## Your assignment
Every line with the string "yellow" should be copied from the data.
The data: Begin
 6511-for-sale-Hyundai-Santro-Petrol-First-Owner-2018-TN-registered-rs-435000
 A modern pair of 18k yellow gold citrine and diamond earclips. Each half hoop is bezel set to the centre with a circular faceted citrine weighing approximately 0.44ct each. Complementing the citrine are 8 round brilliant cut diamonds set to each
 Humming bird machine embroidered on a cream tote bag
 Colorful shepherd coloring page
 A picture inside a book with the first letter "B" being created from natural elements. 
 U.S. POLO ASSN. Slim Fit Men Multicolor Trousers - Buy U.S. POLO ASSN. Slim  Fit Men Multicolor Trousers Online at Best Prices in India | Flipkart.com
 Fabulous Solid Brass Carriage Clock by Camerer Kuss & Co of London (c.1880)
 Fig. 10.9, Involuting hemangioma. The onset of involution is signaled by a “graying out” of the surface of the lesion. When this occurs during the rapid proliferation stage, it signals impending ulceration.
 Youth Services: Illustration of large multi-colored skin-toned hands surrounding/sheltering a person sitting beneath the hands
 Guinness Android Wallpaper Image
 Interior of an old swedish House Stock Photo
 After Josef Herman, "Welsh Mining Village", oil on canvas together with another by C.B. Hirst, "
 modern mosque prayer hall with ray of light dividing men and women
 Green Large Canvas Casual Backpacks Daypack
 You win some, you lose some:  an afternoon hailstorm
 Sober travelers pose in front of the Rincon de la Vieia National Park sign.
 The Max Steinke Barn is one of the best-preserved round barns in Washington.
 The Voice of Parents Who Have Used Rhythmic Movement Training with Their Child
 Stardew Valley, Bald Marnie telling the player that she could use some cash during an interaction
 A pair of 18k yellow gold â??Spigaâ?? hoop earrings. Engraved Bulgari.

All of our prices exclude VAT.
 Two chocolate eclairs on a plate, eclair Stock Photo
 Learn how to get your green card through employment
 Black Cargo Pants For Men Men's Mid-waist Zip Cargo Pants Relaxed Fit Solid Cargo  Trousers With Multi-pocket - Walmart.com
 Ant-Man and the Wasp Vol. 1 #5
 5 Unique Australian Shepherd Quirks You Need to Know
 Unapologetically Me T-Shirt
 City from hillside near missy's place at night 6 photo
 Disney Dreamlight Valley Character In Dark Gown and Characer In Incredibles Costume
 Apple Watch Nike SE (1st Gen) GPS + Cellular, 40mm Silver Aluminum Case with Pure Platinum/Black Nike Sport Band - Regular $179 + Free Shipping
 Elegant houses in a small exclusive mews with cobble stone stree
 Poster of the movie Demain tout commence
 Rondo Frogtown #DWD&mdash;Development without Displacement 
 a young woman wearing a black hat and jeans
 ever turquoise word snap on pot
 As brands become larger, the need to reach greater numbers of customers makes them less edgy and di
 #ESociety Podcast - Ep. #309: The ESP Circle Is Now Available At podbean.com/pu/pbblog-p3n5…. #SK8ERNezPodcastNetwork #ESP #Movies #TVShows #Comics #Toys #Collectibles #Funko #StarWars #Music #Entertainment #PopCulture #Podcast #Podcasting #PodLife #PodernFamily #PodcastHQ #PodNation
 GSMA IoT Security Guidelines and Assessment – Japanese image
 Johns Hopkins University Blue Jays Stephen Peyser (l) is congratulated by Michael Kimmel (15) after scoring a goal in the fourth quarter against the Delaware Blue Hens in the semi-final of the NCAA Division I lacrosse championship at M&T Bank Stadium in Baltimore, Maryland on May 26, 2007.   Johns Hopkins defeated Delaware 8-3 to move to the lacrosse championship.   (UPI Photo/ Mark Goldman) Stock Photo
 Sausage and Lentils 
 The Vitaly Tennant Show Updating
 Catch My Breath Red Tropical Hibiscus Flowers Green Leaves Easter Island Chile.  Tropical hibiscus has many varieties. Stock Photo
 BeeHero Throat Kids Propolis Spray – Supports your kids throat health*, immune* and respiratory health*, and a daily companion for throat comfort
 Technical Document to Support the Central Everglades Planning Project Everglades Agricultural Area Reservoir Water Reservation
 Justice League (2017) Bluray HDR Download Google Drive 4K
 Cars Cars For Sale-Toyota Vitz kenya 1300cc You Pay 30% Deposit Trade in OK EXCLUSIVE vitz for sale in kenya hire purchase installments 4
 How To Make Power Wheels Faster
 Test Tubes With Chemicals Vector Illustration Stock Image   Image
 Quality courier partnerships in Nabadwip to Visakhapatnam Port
The data: End
## Expected output
 A modern pair of 18k yellow gold citrine and diamond earclips. Each half hoop is bezel set to the centre with a circular faceted citrine weighing approximately 0.44ct each. Complementing the citrine are 8 round brilliant cut diamonds set to each
 A pair of 18k yellow gold â??Spigaâ?? hoop earrings. Engraved Bulgari.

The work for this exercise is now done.